Столовая немного удивлена
Внезапным среди лозы и кудрей откровением.
И укрощают буйство быстрое речей,
Но оно клокочет, как весной ручей.
Амизук прилег болванчиком
На голубом диванчике.
Он в красной рубашке,
И мысли ползают по его глазам, как по стеклу букашки.
Он удивлен речей началом,
И мысли унесены его на одиннадцатую версту,
Где лен прикреплен мочалом
К шесту.
– А вы? у вас есть что-нибудь? Вы прочтете? –
Обращаются к тому, кто все думает, все думает о богатой тете,
О, золотой презренный прах,
К сидящему на кресле в черных воротничках,–
Так что его можно было принять за араба, – о, мысли скачки,
Если б цвет предков переходил на воротнички.
– Я? Я с удовольствием. Он подымается и гордо
С осанкой важной лорда
Читает: «России нет, не стало больше,
Ее раздел рассек, как Польшу».
Или: «Среди людей мне делать нечего,
Среди зверей я буду вечером».
Или: «Куда ходил я мед пить жизни
И высокомерным быть к богам.
О, тризны, тризны
Умершим врагам».
– Очень мило, – изрекают. Блестят доверчиво глаза,
А там, скача и спотыкаясь, по ладам скачет бирюза.
– Очень мило. Вы очень удачно похитили у раешников меру.

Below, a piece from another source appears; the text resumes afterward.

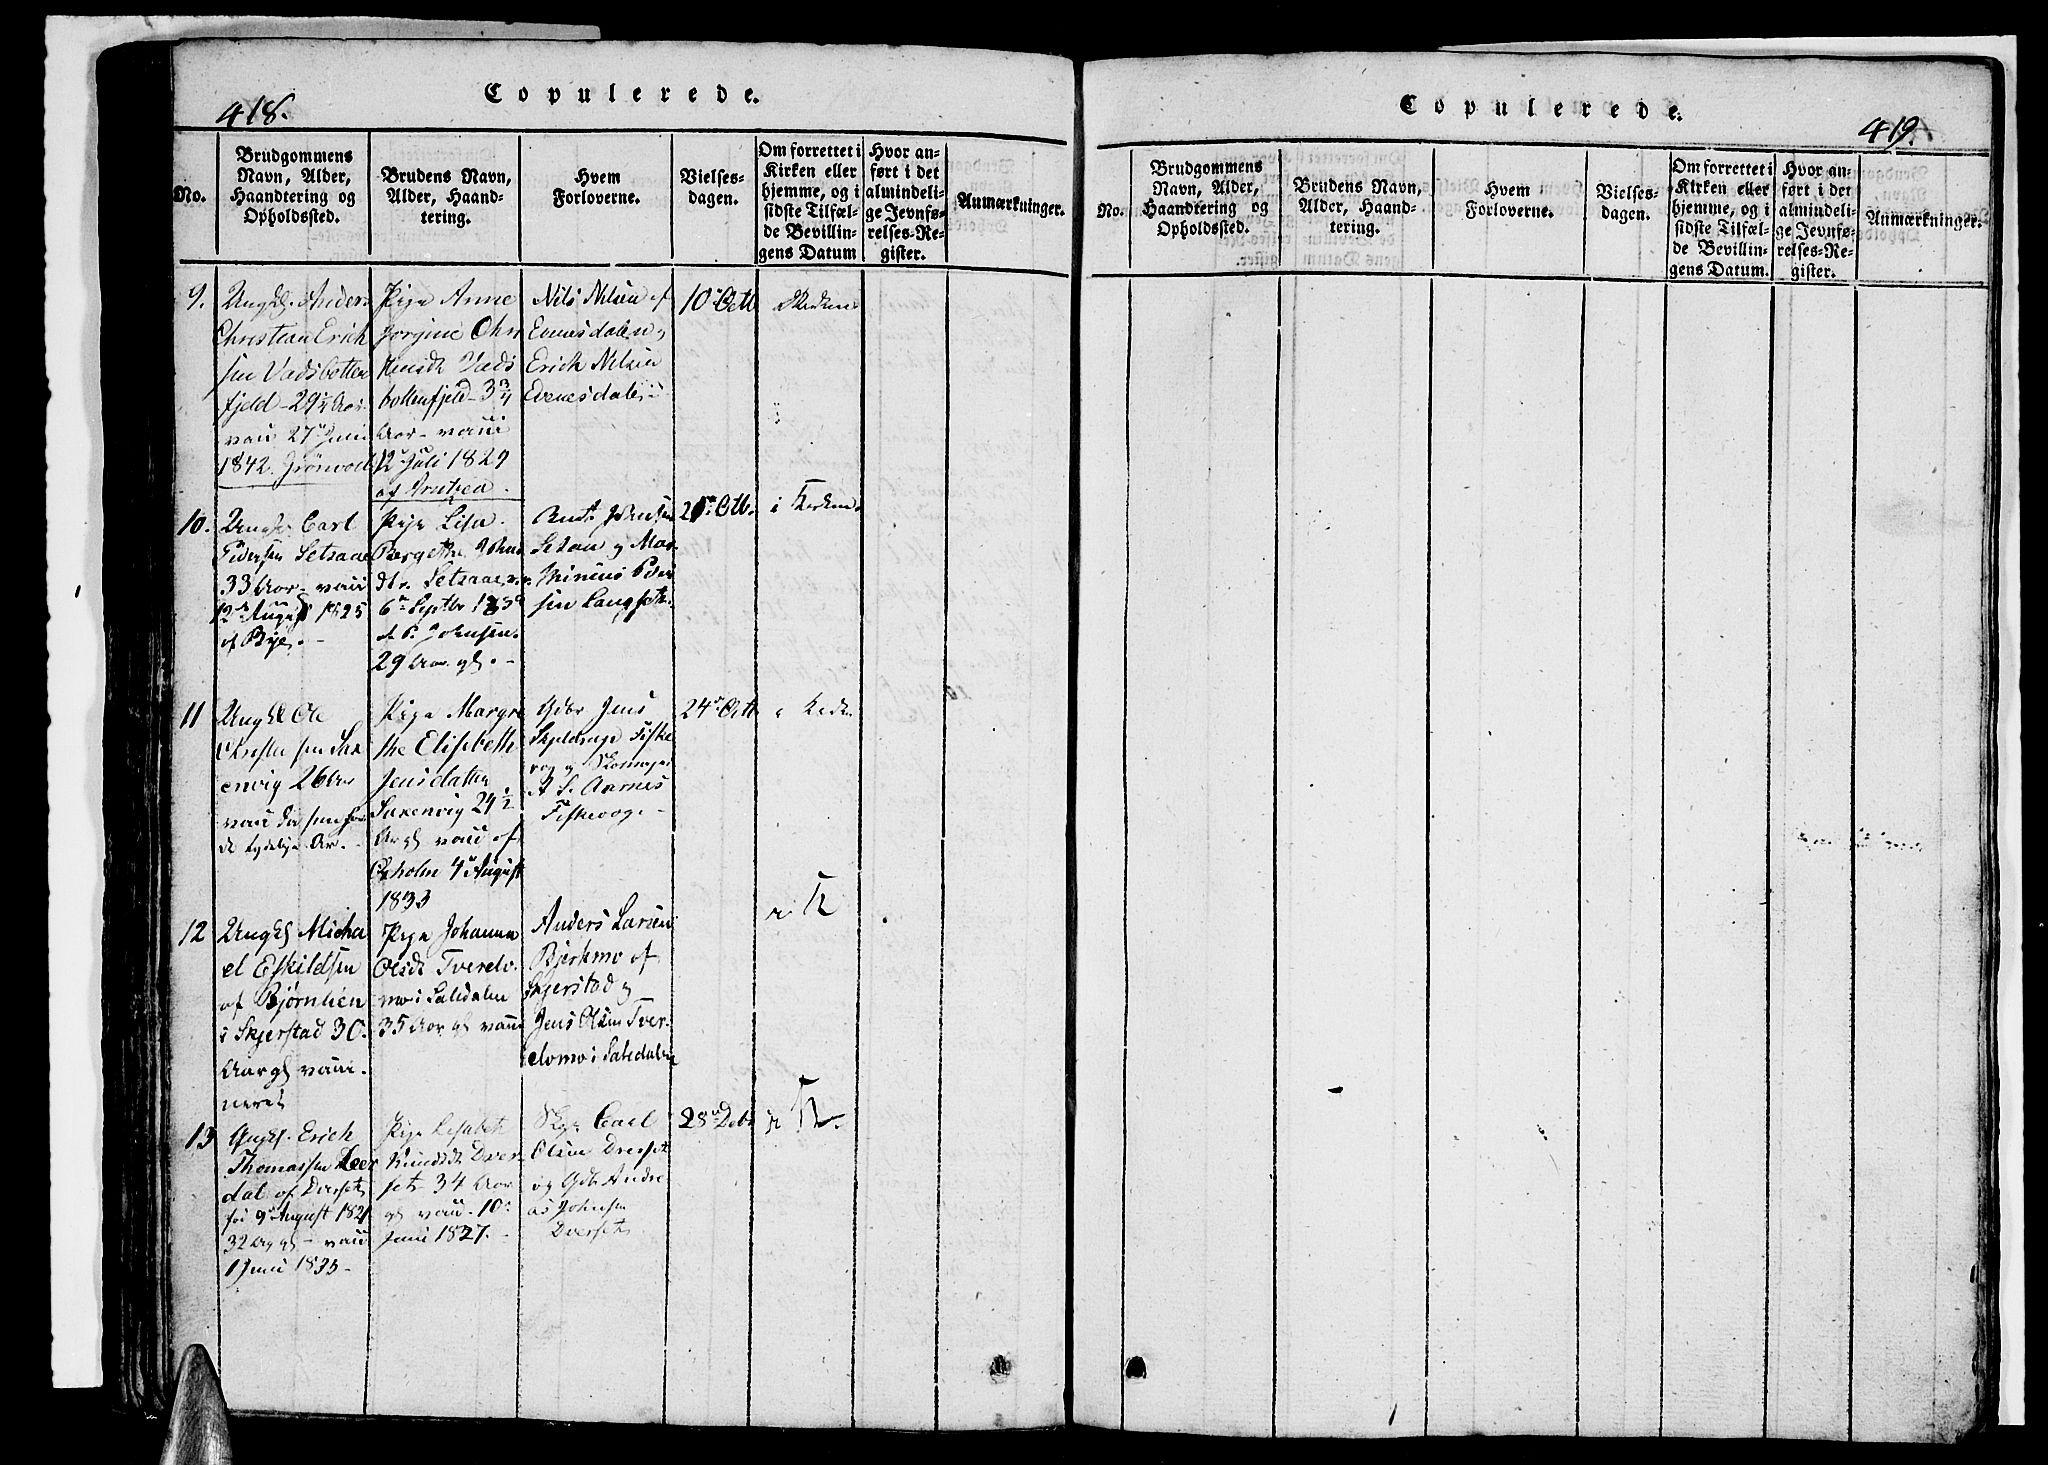 SAT, Ministerialprotokoller, klokkerbøker og fødselsregistre - Nordland, 847/L0676: Klokkerbok nr. 847C04, 1821-1853, s. 418-419

Глаза сказавшего с лукавством устремлены на Веру
Константиновну Иванову-Шварсалон.
С окошка
Кошка
Смотрела на салон.
И бьют часы уж два.
К столу собираются гости едва,
Гостей власоноша не дозовется.
И уселись за стол, как полководцы,
Ученики военных училищ,
У них отсутствуют мечи лишь.
– Что? что? еще мальчики! Они не знают, во сколько обходится, –
Был рассержен толстяк сутулый.
И вот из божницы сходит Богородица
И становится тихо за стулом.
И когда заговорили о человеке и вере, – тогда
Ее божественные веки дрожали прелестию стыда.
Она скользнула в дверь за Ниссой,
Она спустилась по лестнице вниз и
Она сошла на далекую площадь
И, обняв, осыпала поцелуями в голову лошадь.
Так изливала Богородица свое горе,
А над ней опрокинутое сияло звездное море.